Communication-Efficient Federated Learning under Dynamic Device Arrival and Departure: Convergence Analysis and Algorithm Design
Researchers have made advancements in federated learning (FL) by addressing challenges posed by dynamic device arrival and departure, achieving convergence speedups of an order of magnitude or more compared to baselines[1].
Federated learning enables multiple clients to collaboratively train a shared-task model while maintaining privacy[2]. However, traditional FL approaches assume a fixed device set, which is not always the case in real-world scenarios where devices may join or leave the network. This dynamic setting introduces challenges such as evolving optimization objectives and reduced global model effectiveness. To address these challenges, a new approach provides a convergence analysis for FL under a dynamic device set, taking into account factors like gradient noise, local training iterations, and data heterogeneity.

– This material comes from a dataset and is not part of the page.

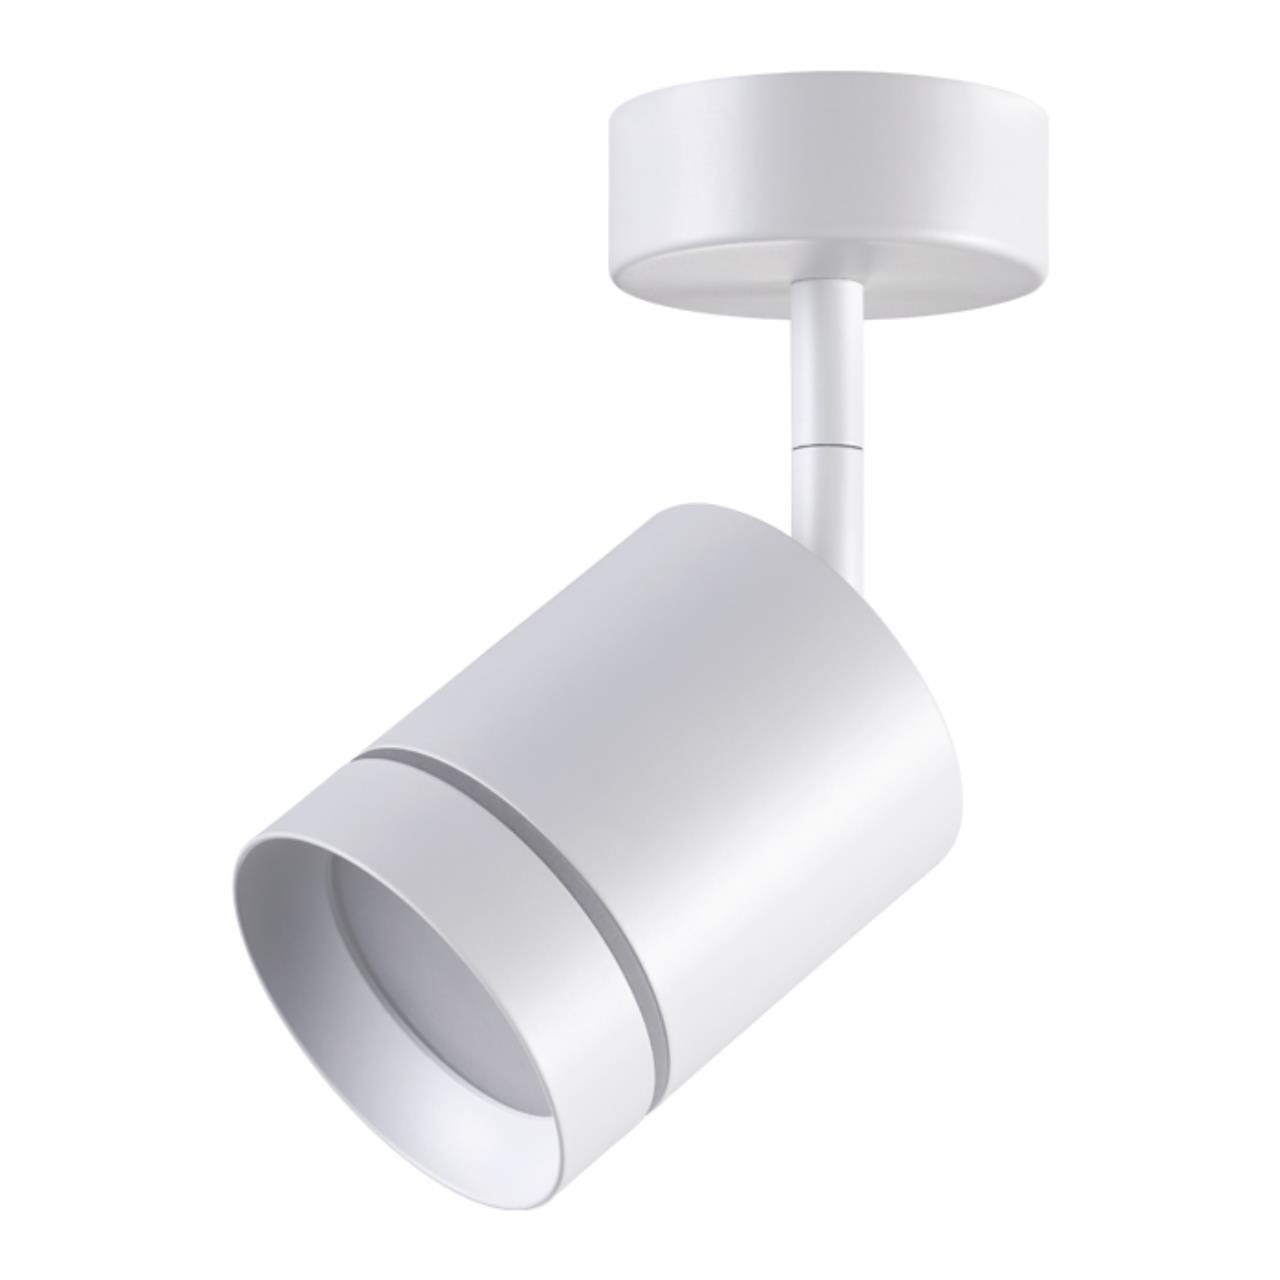 358259 OVER NT19 071 белый Накладной светильник IP20 LED 9W 160-265V ARUM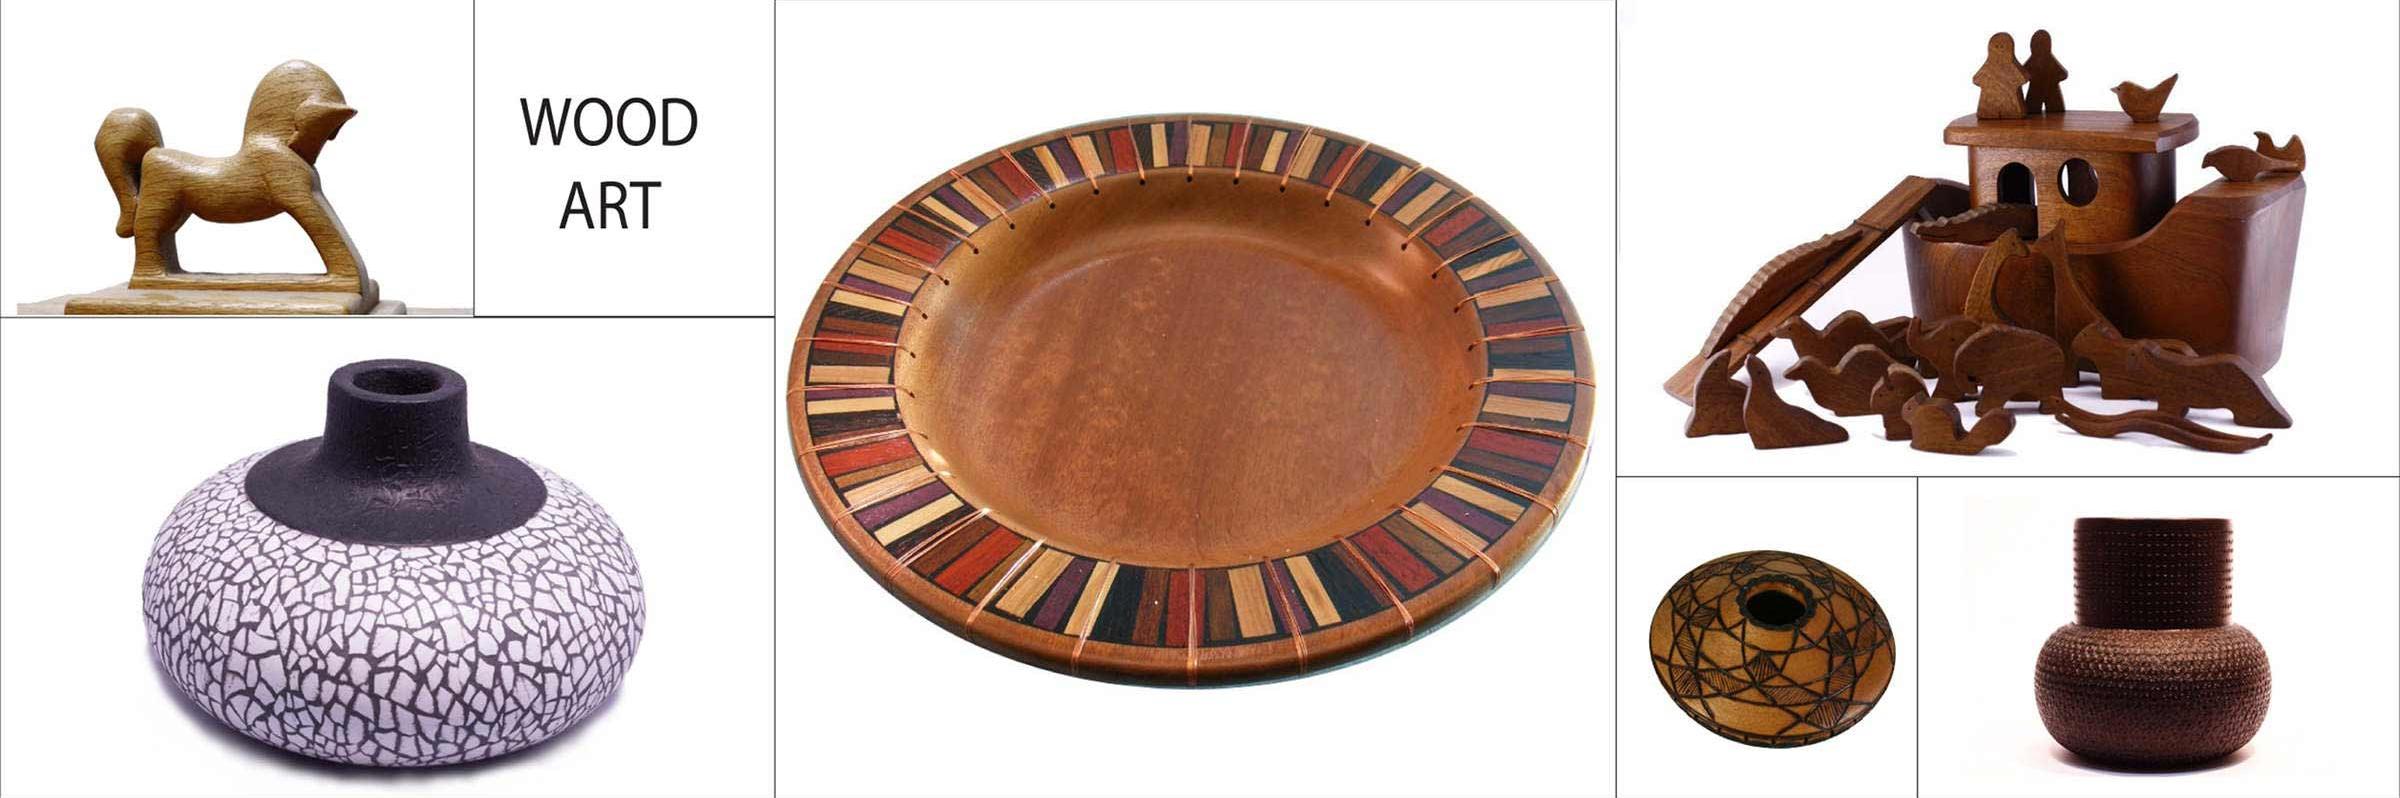 WoodArtBannerSmall-Etz-Ron-Handcrafted-Wooden-Judaica-Home-Decor-Handmade-Jewelry-Website_banner-1S_black-01-RW-2400-800_opt

The proposed model initialization algorithm computes a weighted average of previous global models based on gradient similarity, prioritizing models trained on data distributions that closely align with the current device set. Experiments have shown that this approach achieves significant convergence speedups compared to existing methods[1]. Furthermore, a data-centric review of FL highlights the importance of addressing data-related vulnerabilities and challenges, which can affect convergence. The review analyzes non-IID data into measurable traits and ranks their influence on convergence, emphasizing the need for careful consideration of data-related issues in FL[2].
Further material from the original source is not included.